# Basswood needed



## Woodomaker (Feb 3, 2012)

Anyone know where u can get Basswood.....wife took up carving and the prices in STL seem high?


----------



## hamish (Feb 3, 2012)

I got lots of it in my bush and even some in my woodpile!

To buy basswood its regionally dependant, around here most that are cut are left to rot in the bush, I think differently,most of my basswood logs get milled up and traded to a woodshop, as they use basswood for most of there mouldings and trim pieces, everything else I burn. I can see why carvers love it, its the clearest wood I have ever seen. I gladly go pick up basswood logs at landing sights for nothing, just to use them as firewood, some just dont se the value in certain species of wood.


----------



## GeeVee (Feb 3, 2012)

I, Sir and Madam, have lots of Basswood, and would be happy for you to get some from me. 

PM me for a phone number of mine and we can establish a dialogue....

(i think I might have some photos)


----------



## GeeVee (Feb 3, 2012)

In m y sig is a link to webshots... Logs and Saw parts album.

The big trunk is freshly cut, like everything els in that album, March 2011, wetter than the outgoing tide.... the cute little heart shaped piece on the left in the background? Still have it too, I prolly have a lot of the big Basswood or three I took down in March. The attahced photo is a part of the trunk that came from about eight to fifteenn high when I dropped it, I have bigger sections of the trunk below it that are actually the diversion and stump of two leaders, which is why I took it down, the big half was growing over my cabin. ( I should relay I built the cabin under the tree long after the tree was quite grown) 


Clicky the Piccy and make bigg-ie

The pile on the right is sitting on 6x6" dunnage, so the big log, is, big.


----------



## hamish (Feb 3, 2012)

Isn't shipping wood from Florida to Illinois kind of the same as shipping it half way around the country?


----------



## GeeVee (Feb 4, 2012)

Maybe they want to come down for bike week or Daytona 500, or just go to Disney World in the middle of a cold snowy winter?

Daytona is the next town north, and Disney is one hour. 

We do let Illinoisians into the state, as long as they promise its not a one way trip.....

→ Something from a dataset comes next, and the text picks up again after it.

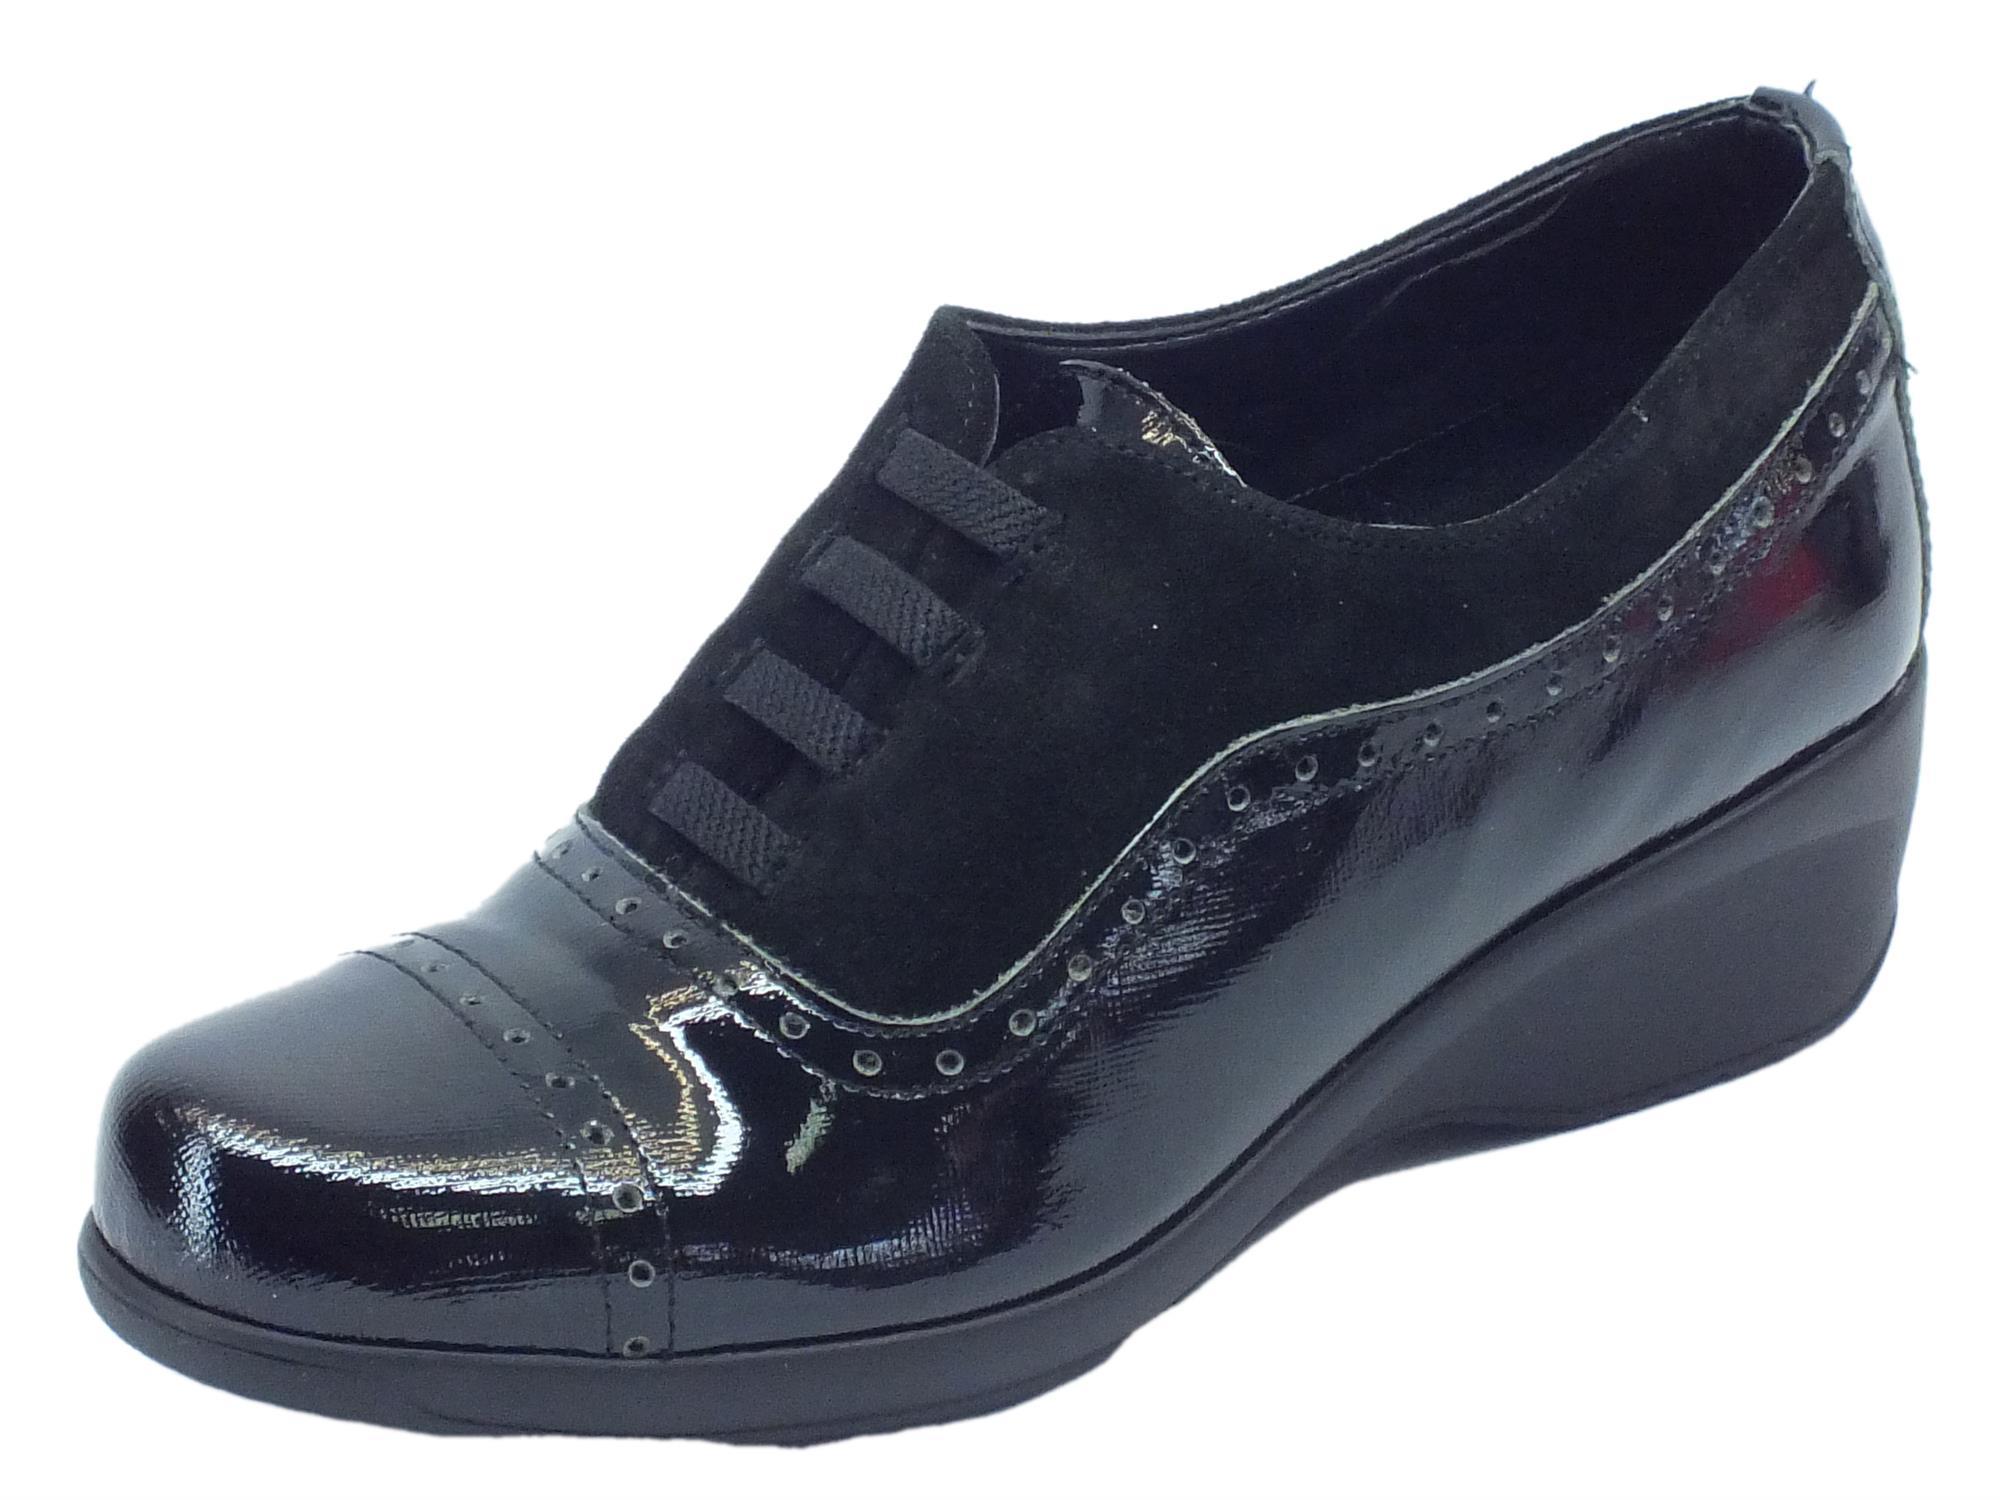 Mocassini Cinzia Soft per donna in camoscio nero e pelle nera saffiano 65c2f86569c

Now Canadians on the other hand...


----------



## Fallguy1960 (Feb 4, 2012)

Woodomaker there has to be bass wood in your neighbor hood. I wood check local for a tree cutting service they usually have to make arrangements to get rid of the logs and large branches. You may have to be there to haul them away before they hit the chipper but the price should be right.


----------



## brookpederson (Feb 4, 2012)

When I go looking for basswood I look in the river bottoms or lowlands. If you aren't looking for logs to saw up yourself, try eBay. Sometimes there is some pretty cheap wood for sale on there.


----------



## Talltom (Feb 4, 2012)

Often called Linden in the US. Not good as firewood (light weight and doesn't split) so tree services should be happy to get rid of some.


----------



## john taliaferro (Feb 4, 2012)

we been milling basswood all day till i lost the clip off the clutch and berring on 660 so now nap time . Keep looking try local mill or wood carver club , Mike and i were cutting slabs to trade to the local carvers .Do you get down this way we can fix her up with a slab or so .


----------



## Woodomaker (Feb 6, 2012)

john taliaferro said:


> we been milling basswood all day till i lost the clip off the clutch and berring on 660 so now nap time . Keep looking try local mill or wood carver club , Mike and i were cutting slabs to trade to the local carvers .Do you get down this way we can fix her up with a slab or so .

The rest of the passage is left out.